─── SUPPLIED INFORMATION ───

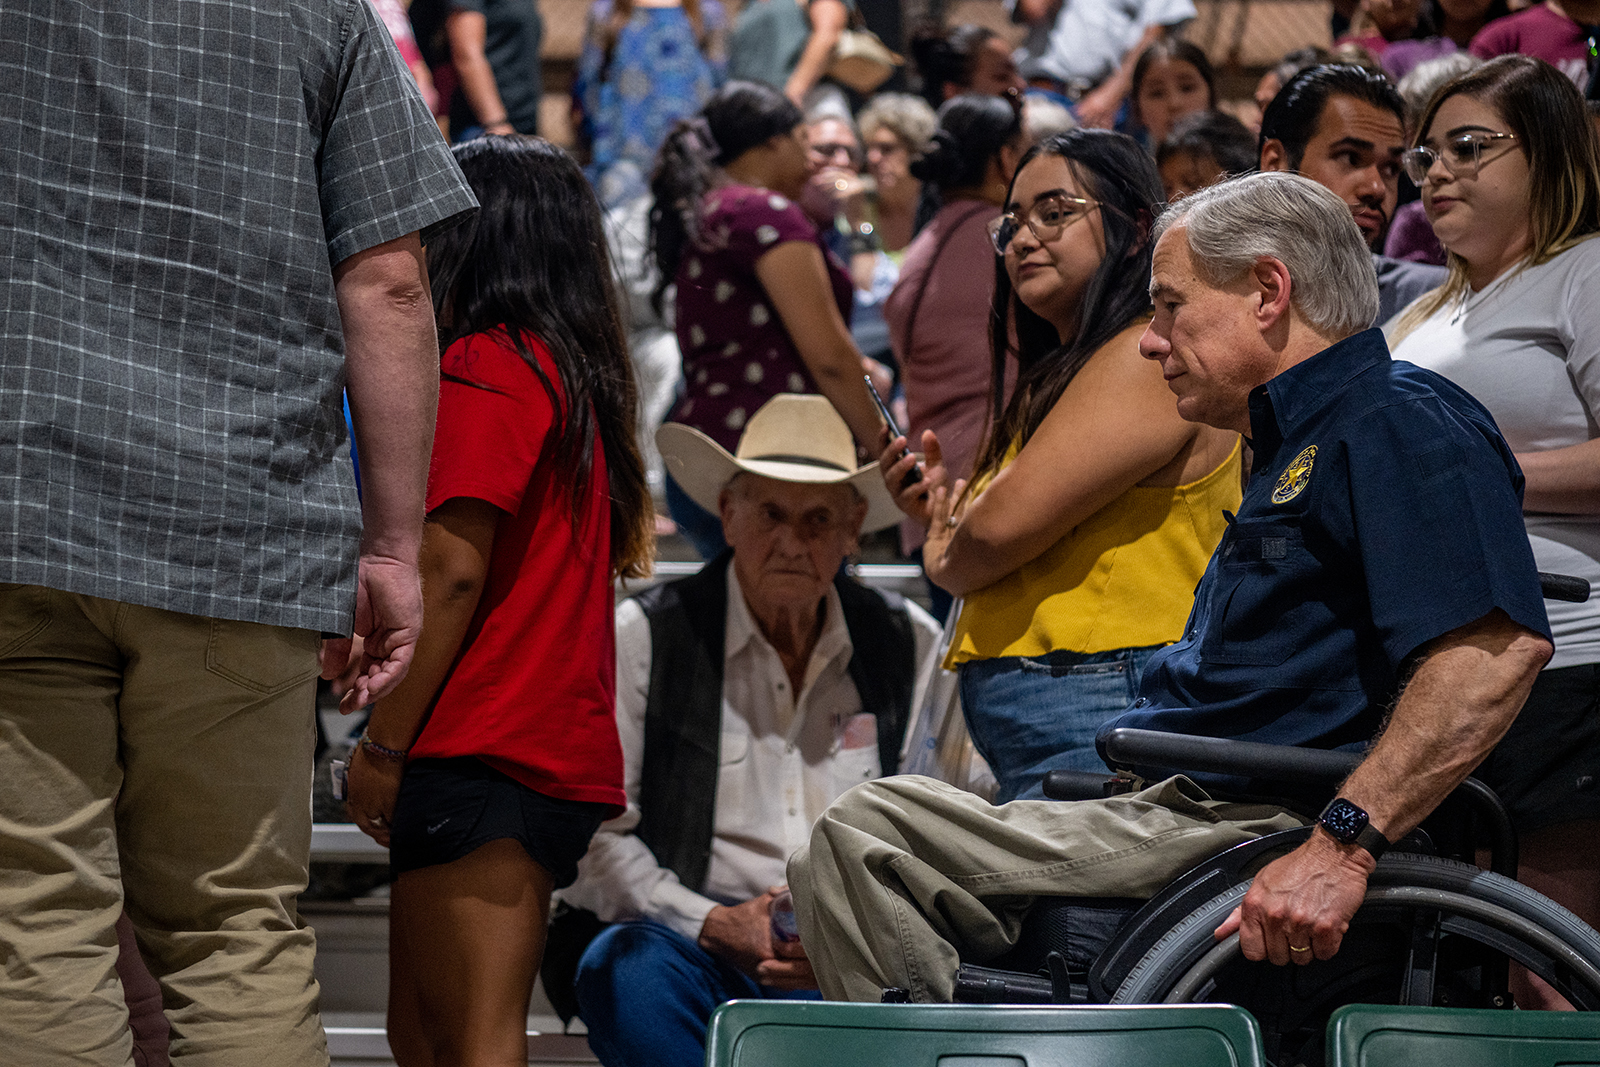 Texas Gov. Greg Abbott during a community-held vigil for the 21 people killed at Robb Elementary School, on May 25 in Uvalde, Texas.
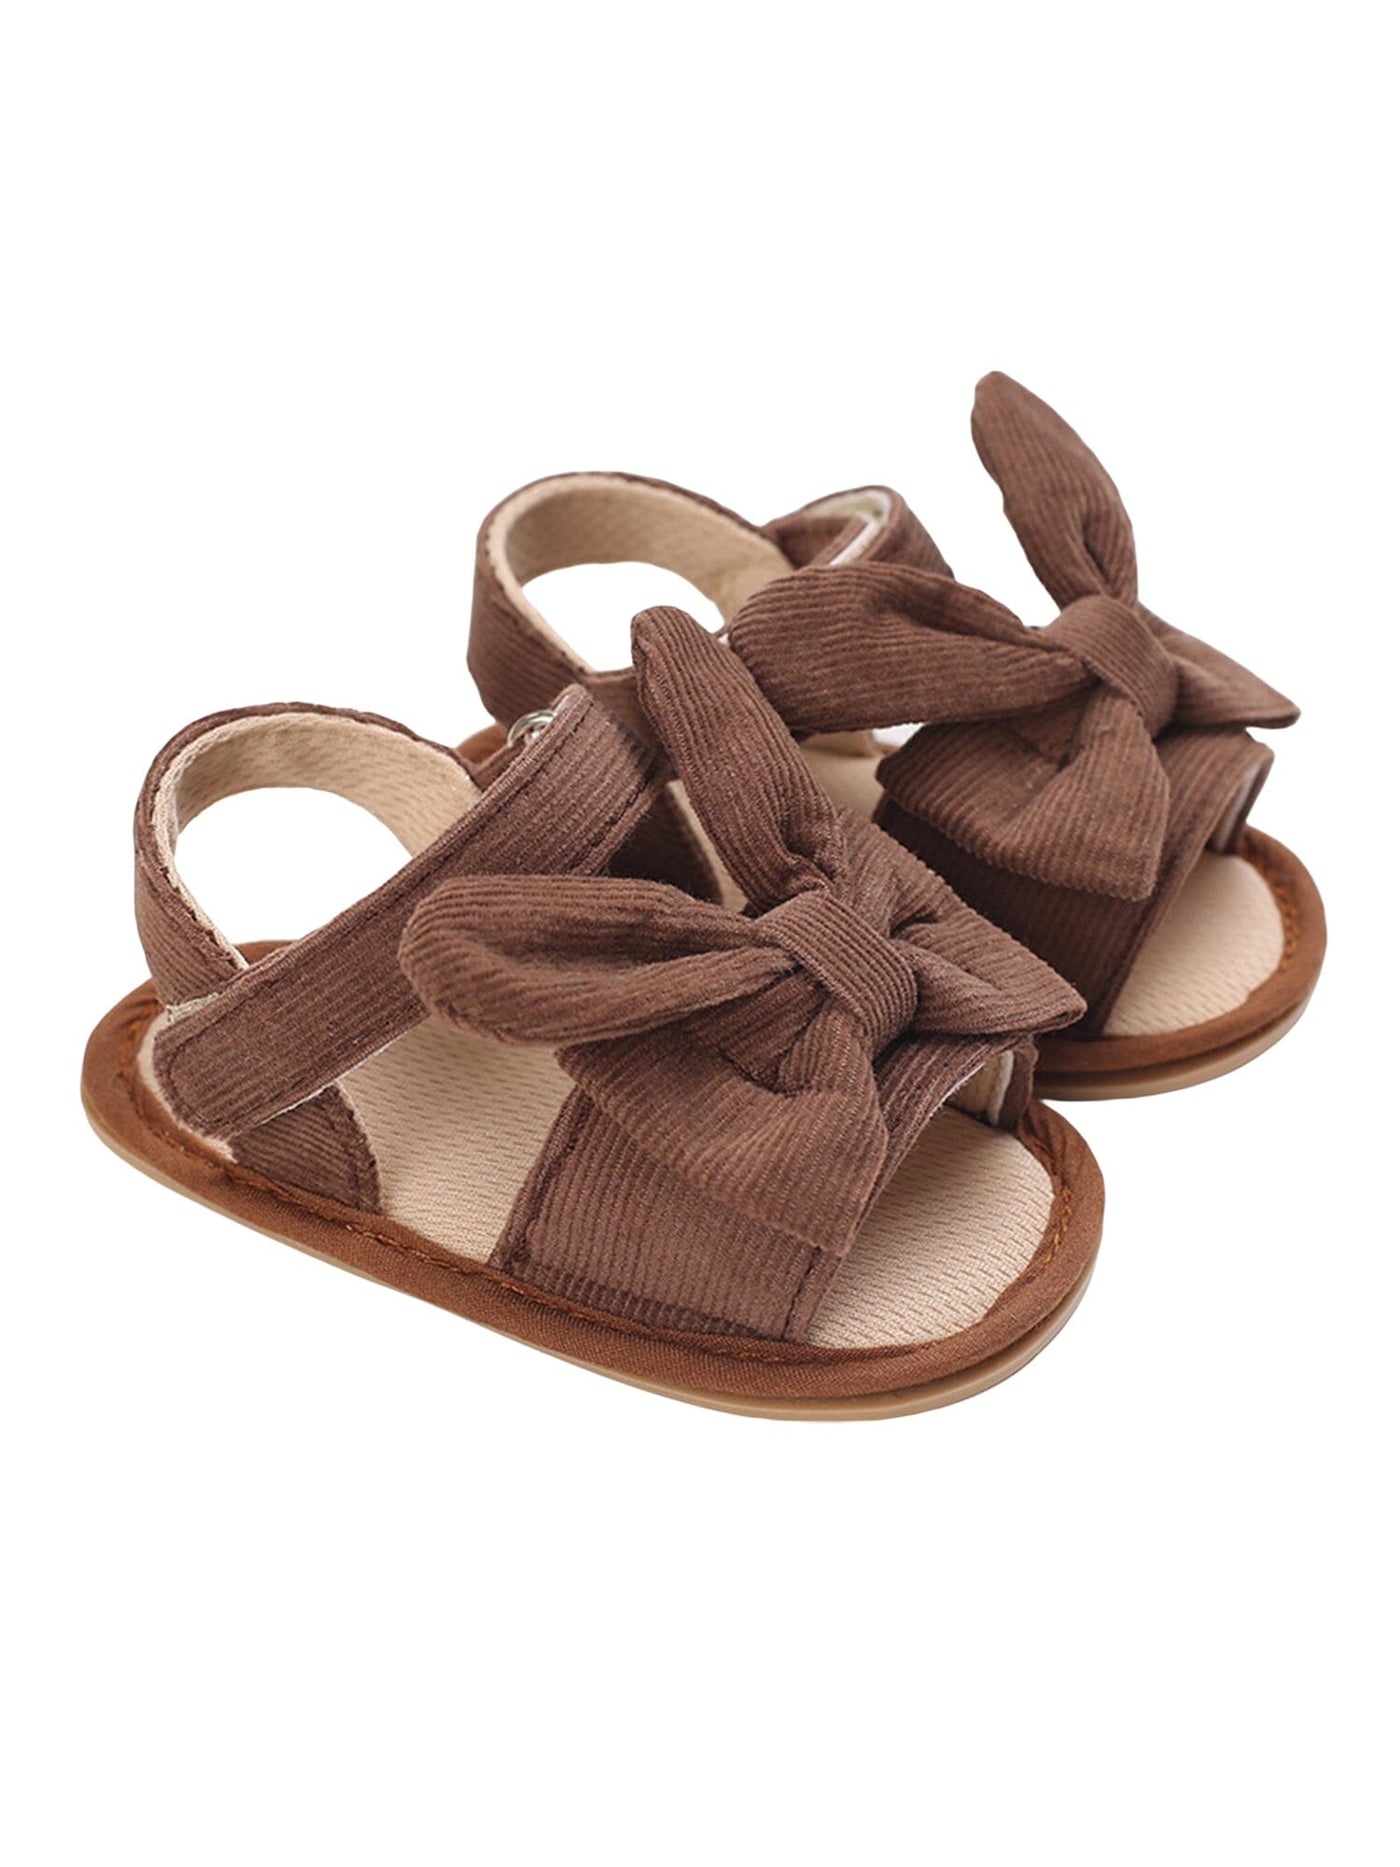 Baby Girl Bowknot Ankle Strap Sandals Shoes Iluvlittlepeople 
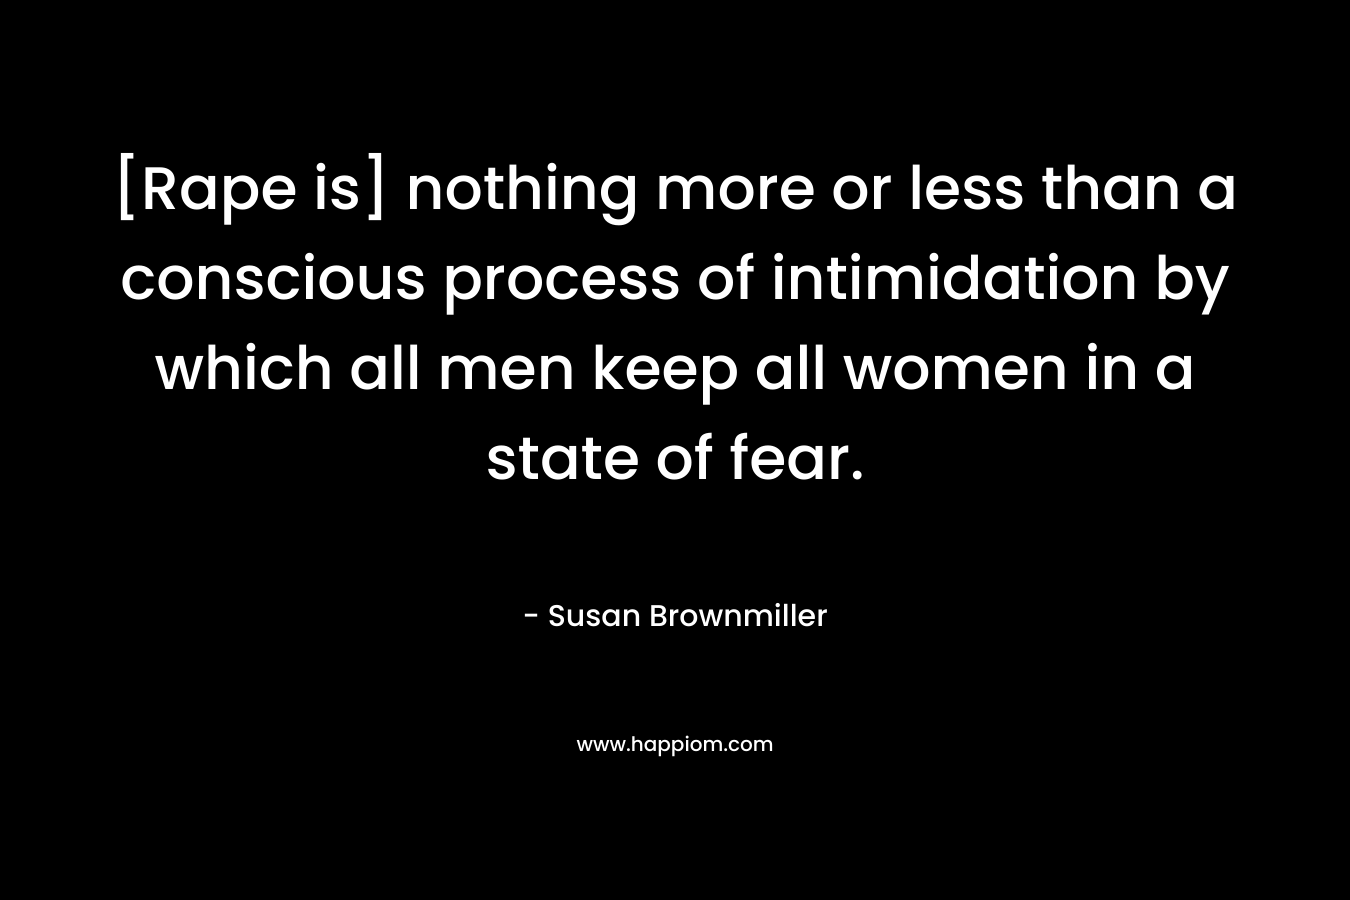 [Rape is] nothing more or less than a conscious process of intimidation by which all men keep all women in a state of fear. – Susan Brownmiller
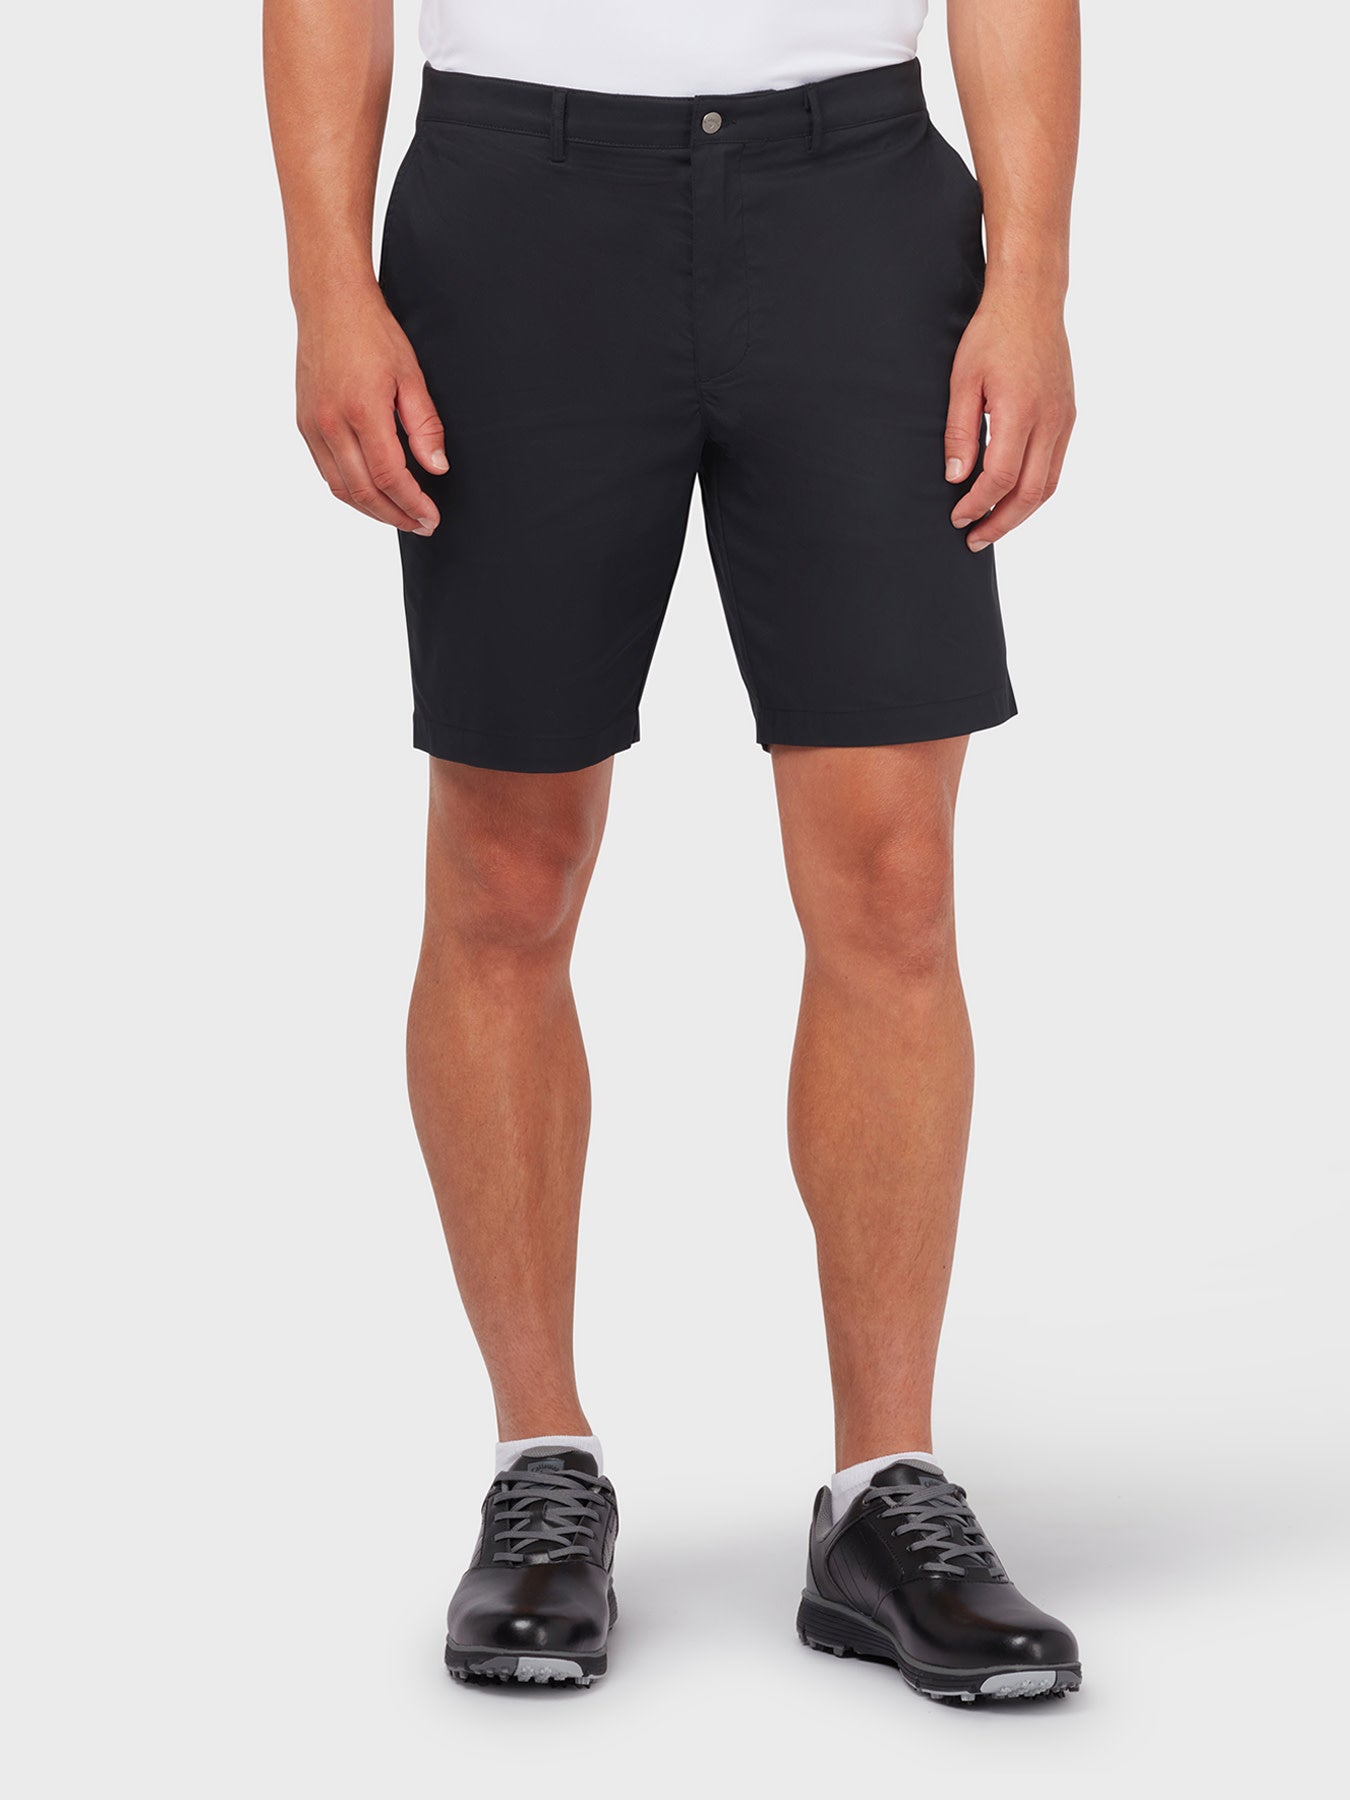 View X Series Flat Fronted Short In Caviar Caviar 30 information

───

Would you copy all the material exactly, dropping the pictures?

 Texas Gov. Greg Abbott during a community-held vigil for the 21 people killed at Robb Elementary School, on May 25 in Uvalde, Texas.
 Baby Girl Bowknot Ankle Strap Sandals Shoes Iluvlittlepeople 
 [Rape is] nothing more or less than a conscious process of intimidation by which all men keep all women in a state of fear. – Susan Brownmiller
 View X Series Flat Fronted Short In Caviar Caviar 30 information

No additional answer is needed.